School Book By Private Publisher Banned For Hurtful Depictions, Police Asked To Register Case

SRINAGAR: In a bid to prevent tensions, authorities have banned a social studies book published by a private publisher for the seventh standard. While the Board of School Education has asked schools not to include the book in the syllabus, the civil administration in Srinagar has asked the police to register a case and take stern action against the publisher and the local distributor.

The book has a pictorial representation of the most revered figures in Islam. Muslims across the globe and history have taken acts of visual depictions of revered figures as blasphemy.

Acting on communication received from Chief Education Officer Srinagar vide No. CEO/Sgr/IMW/11499-11500/21 dated December 5, 2021, additional district magistrate Dr Syed Haneef Balkhi has termed the content as “sensitive nature” and has named publisher as Jay-Cee Publications (P) Ltd, New Delhi and local distributor as Paradise Book Shop, Parraypora, Srinagar.

The controversy came to the fore when the academic community found pictorial representations of Islam’s revered figures on page 33 of the book titled Jay Cee’s ICSE History & Civics Forever.

According to the reports, the book for class 7th has been adopted by various private institutions operating in Srinagar.
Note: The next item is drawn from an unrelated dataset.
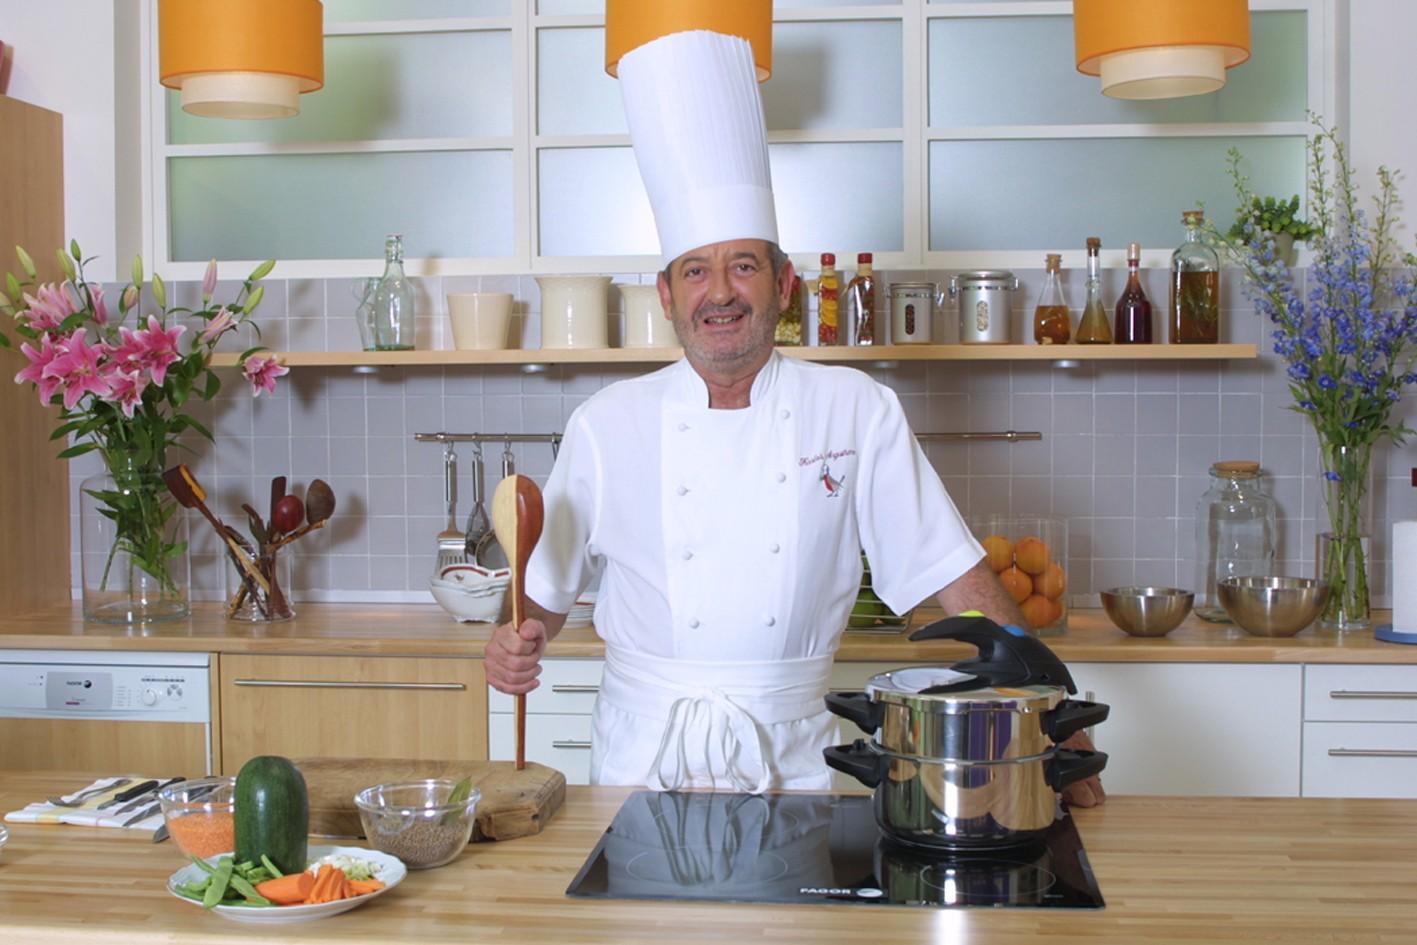 Karlos argui ano profesor de cocina for Elementos de cocina para chef

Acting upon the information, the Board of School Education has directed all schools in UT of Jammu and Kashmir and Ladakh “not to use textbook of History & Civics” edition of 2020 for class 7th published by Jay Cee publications, otherwise strict action as warranted under law shall be initiated.”

Under fire, the publisher has tendered an apology citing the reason as “lack of knowledge about the prohibition of pictuarisation in the Islam.” The Director of the publication, JC Goyal has said “we made an unintentional mistake in our book which has hurt religious sentiments of our brethren.” In his apology letter, Goyal has “regretted and assured not to repeat the mistake in future editions.”
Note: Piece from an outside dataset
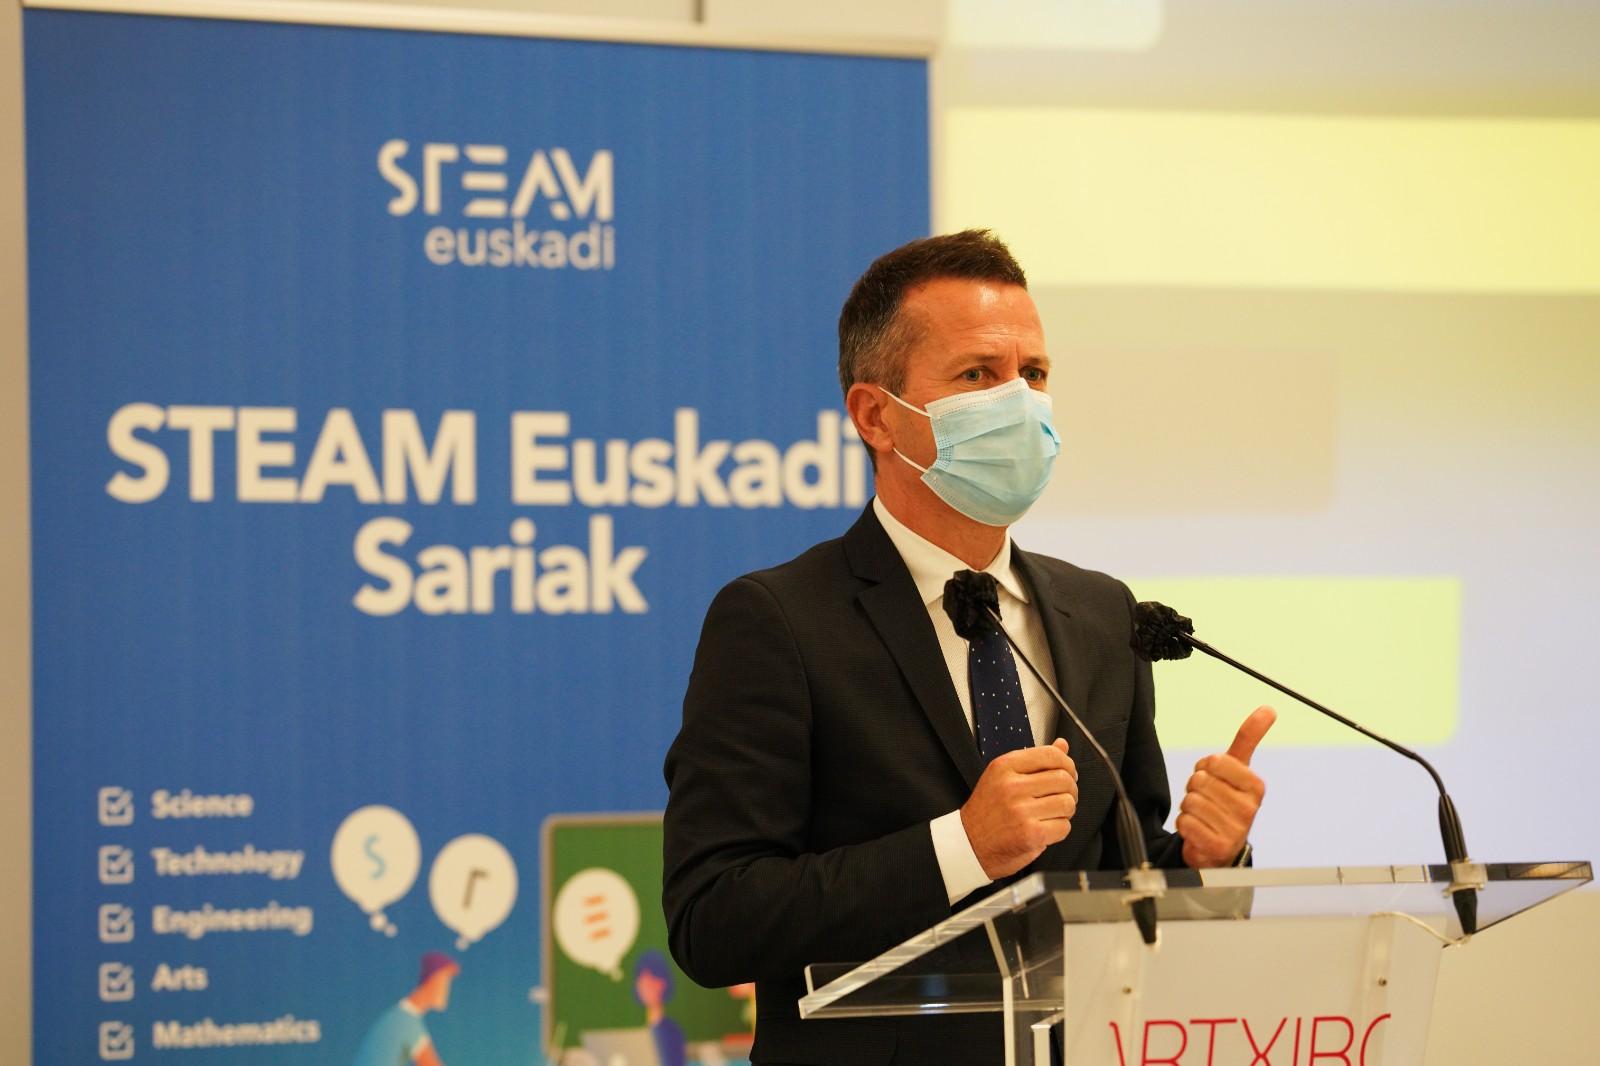 Bildarratz_STEAM_Euskadi_Sariak__5_.jpg

Meanwhile, the private school association has called for a meeting on December 6 with booksellers and publishers to ascertain factual position over the issue.

Kashmir’s religious and political class has strongly reacted to the book and expressed concern. “Such irresponsible publications are hurtful and least helpful in preserving the values of dialogue and coexistence,” NC President, Dr Farooq Abdullah has said while condemning the hurtful drawings. “It seems that the government has thrown caution to the winds while dealing with such a sensitive subject. School books should be a beacon of respect, tolerance and peace that rejects practices and acts which are contrary to coexistence.”